Literature DB >> 23172917

The differentiation and movement of presomitic mesoderm progenitor cells are controlled by Mesogenin 1.

Rita Fior1, Adrienne A Maxwell, Taylur P Ma, Annalisa Vezzaro, Cecilia B Moens, Sharon L Amacher, Julian Lewis, Leonor Saúde.   

Abstract

Somites are formed from the presomitic mesoderm (PSM) and give rise to the axial skeleton and skeletal muscles. The PSM is dynamic; somites are generated at the anterior end, while the posterior end is continually renewed with new cells entering from the tailbud progenitor region. Which genes control the conversion of tailbud progenitors into PSM and how is this process coordinated with cell movement?
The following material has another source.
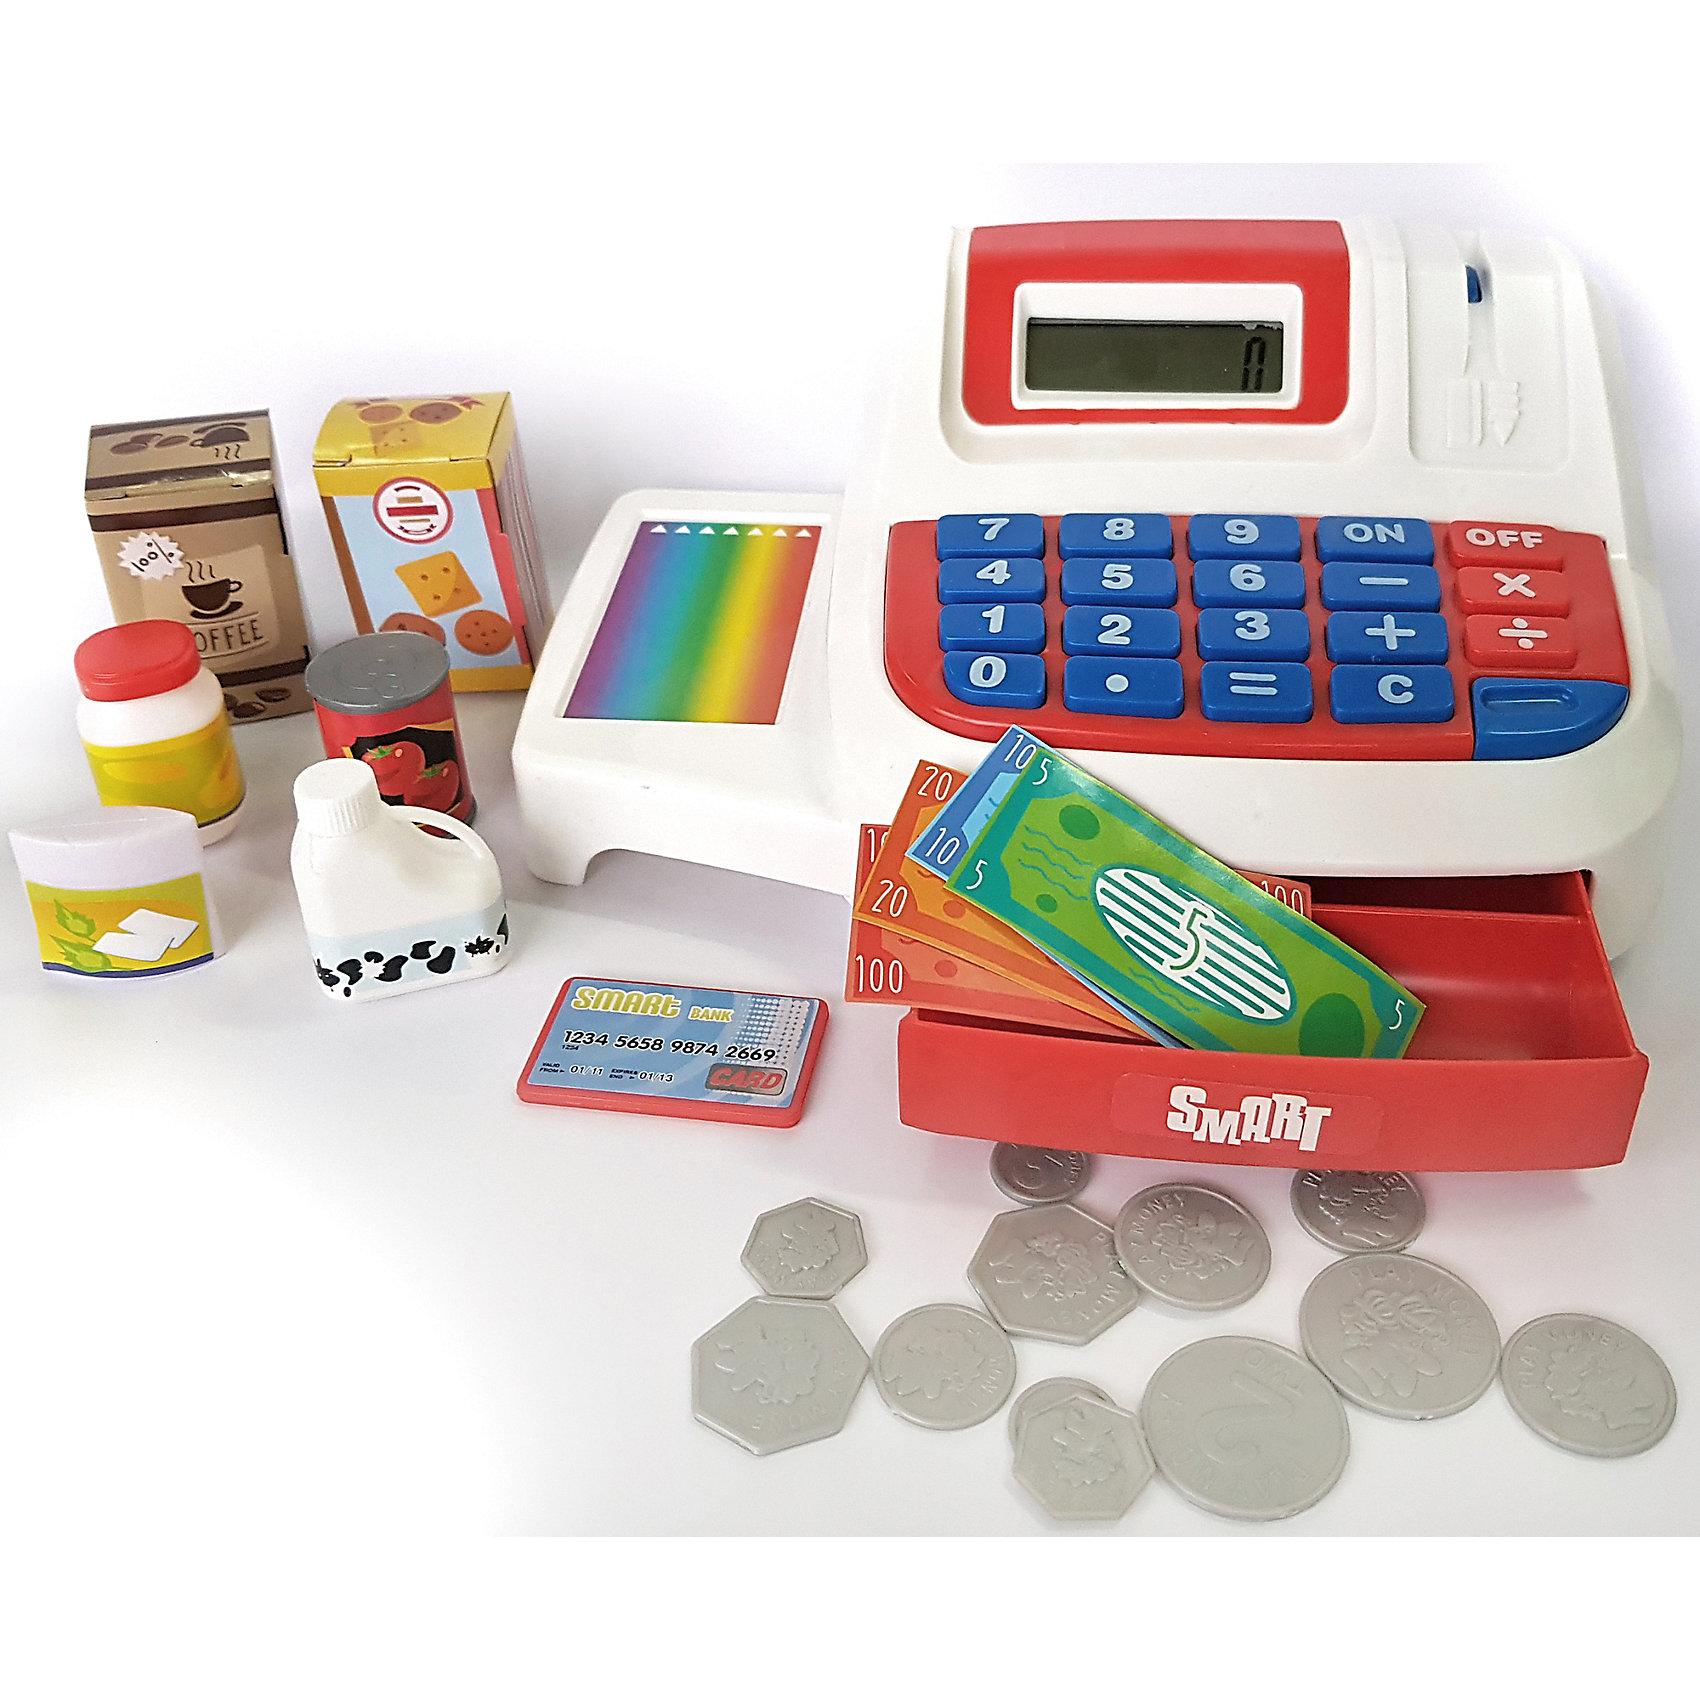 Кассовый аппарат Smart, HTIДетский супермаркет<br>Кассовый аппарат Smart, HTI – эта игрушка станет прекрасным подарком для вашего ребенка.<br>Кассовый аппарат Smart считает, как настоящий и данные отображаются на дисплее. Он оснащен конвейерной лентой для передвижения продуктов, встроенным терминалом для работы с банковскими картами, дисплеем и отсеком для хранения денег, открывающимся при помощи специальной кнопки. И все это работает с реальными звуками. Кассовый аппарат можно использовать как обычный калькулятор. Набор прекрасно подойдет для различных сюжетно-ролевых игр в магазин, а также Ваш ребенок сможет научиться правильно вести себя в магазине и делать покупки.<br><br>Дополнительная информация:<br><br>- В наборе: кассовый аппарат; игрушечные деньги (монетки, купюры); банковская карта, муляжи товаров (молоко, майонез, кофе, томаты, печенье)<br>- Батарейки: 2 x AA / LR6 1.5V (пальчиковые) (в комплекте демонстрационные)<br>- Материал: пластик<br>- Размер упаковки: 12х29х17 см.<br>- Вес: 558 гр.<br><br>Кассовый аппарат Smart, HTI можно купить в нашем интернет-магазине.<br><br>Ширина мм: 120<br>Глубина мм: 290<br>Высота мм: 170<br>Вес г: 558<br>Возраст от месяцев: 36<br>Возраст до месяцев: 144<br>Пол: Унисекс<br>Возраст: Детский<br>SKU: 4243851

Using loss- and gain-of-function experiments and heat-shock transgenics we show in zebrafish that the transcription factor Mesogenin 1 (Msgn1), acting with Spadetail (Spt), has a central role. Msgn1 allows progression of the PSM differentiation program by switching off the progenitor maintenance genes ntl, wnt3a, wnt8 and fgf8 in the future PSM cells as they exit from the tailbud, and subsequently induces expression of PSM markers such as tbx24. msgn1 is itself positively regulated by Ntl/Wnt/Fgf, creating a negative-feedback loop that might be crucial to regulate homeostasis of the progenitor population until somitogenesis ends. Msgn1 drives not only the changes in gene expression in the nascent PSM cells but also the movements by which they stream out of the tailbud into the PSM. Loss of Msgn1 reduces the flux of cells out of the tailbud, producing smaller somites and an enlarged tailbud, and, by delaying exhaustion of the progenitor population, results in supernumerary tail somites. Through its combined effects on gene expression and cell movement, Msgn1 (with Spt) plays a key role both in genesis of the paraxial mesoderm and in maintenance of the progenitor population from which it derives.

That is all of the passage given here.